A map of sneezing and swollen eyes
The second runner-up in the contest is the project Pollen-net, an idea of two agronomists and a programmer from Veliko Tarnovo to compile an early warning and forecast system for the presence of pollen allergens. At least 15 percent of the population of Bulgaria suffers from some form of seasonal pollen allergy and would greatly benefit from their work.
The idea started as a sideline for the agronomists who represent the Bulgarian Association for Organic Plant Protection. Roman Rachkov and Valentin Mitkov are principally involved in crop consultancy - when a farmer needs to find out which crop pests are disrupting his crops, he turns to people like them. They decided that, with their knowledge and data they have access to, they can be useful to the public. The idea is to be something very similar to weather forecasts, showing a person on their phone where in their locality there is an increased risk of allergies on a given day.
Their studies to determine the developmental stage of insects and plants are fundamental to the system, allowing them to predict when and what happens to ecosystems.

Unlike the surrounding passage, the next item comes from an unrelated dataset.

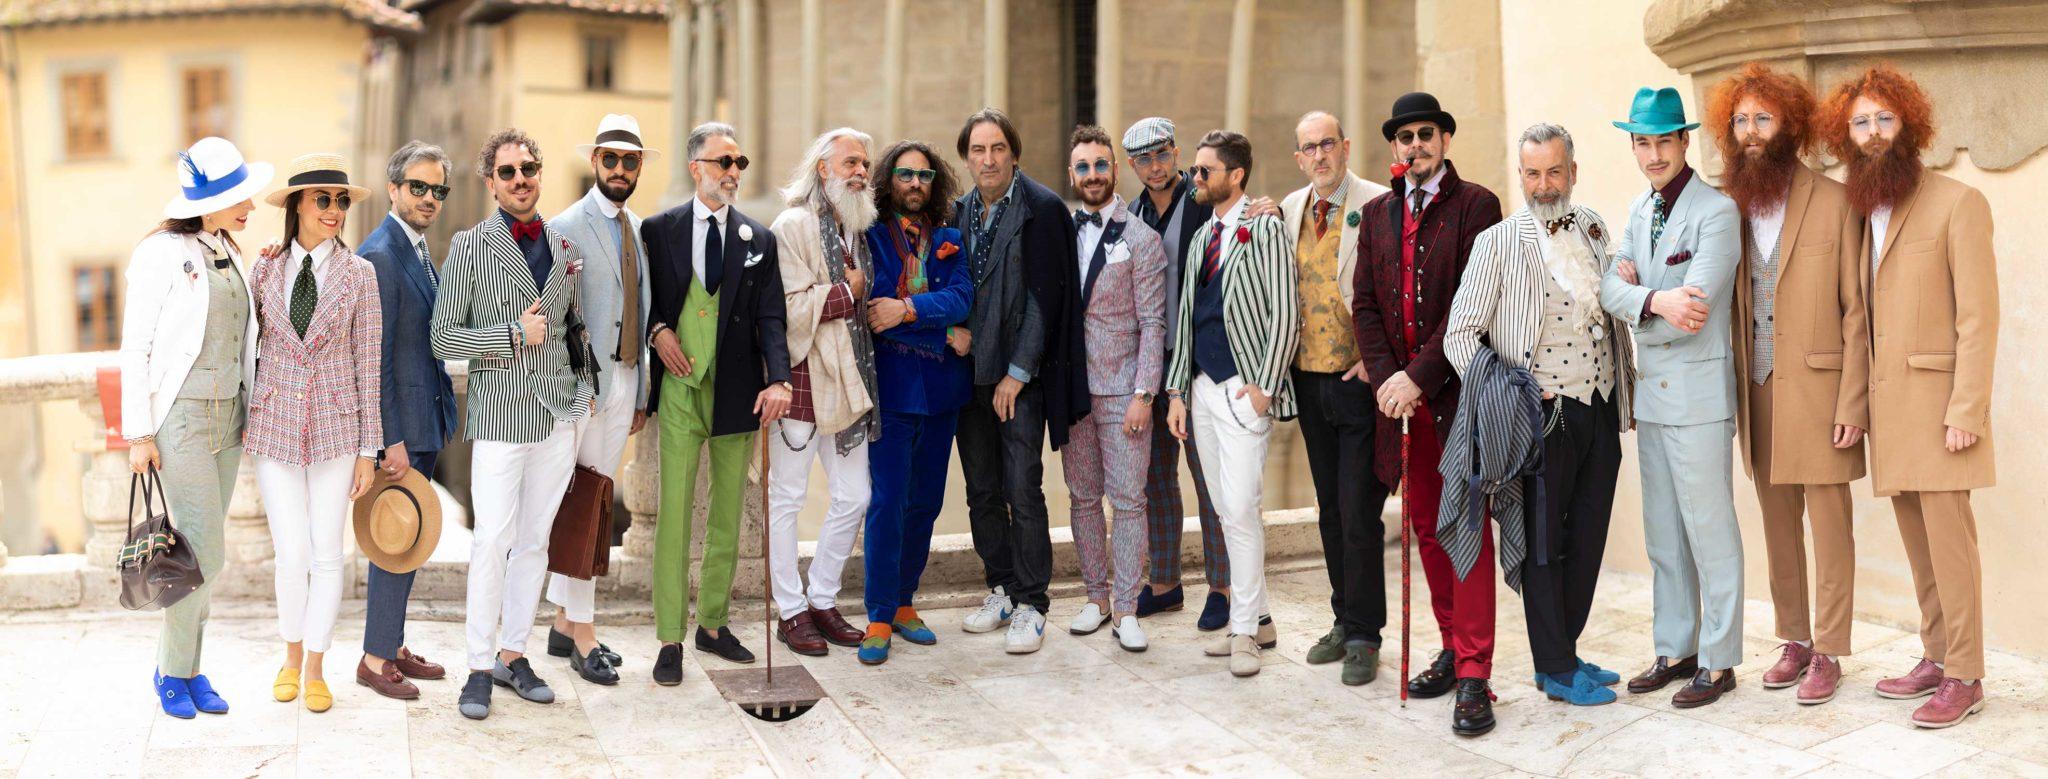 Gruppe von sehr modisch gekleideten Menschen. Dandy Style, bei den Dandy Days in Arezzo Italien, auf der Terrasse an der Piazza Grande, Portraits, Potrait, Gruppen Portrait, Ernst Merkhofer, Portraitfotograf Photographer, Fashion, Portfolio.

Through the programmer in the team, their insights are tied to information from weather stations so that an accurate forecast can be made. "We already knew what indicators to look for when developing our own weather station that feeds data. The idea was to visualise this information and create a notification system for allergic people. It is a type of a Twitterbot that sends a signal directly to the user's smartphone about when to expect specific types of pollen", Roman Rachkov describes the system.
According to the developers, the project could be self-sustaining by advertising through pharmaceutical companies (who sell the hay fever medication anyway), and the end user would not pay for the service. The revenue would be fully reinvested in the site and app.
The Pollen-net system is not intended to be 100 percent accurate, but ultimately no forecast is. The developers' hope is that the system will be widely used in municipalities and would reach people as soon as possible. That's why the team said they intend to test the system abroad in the spring, while participating in funding competitions there.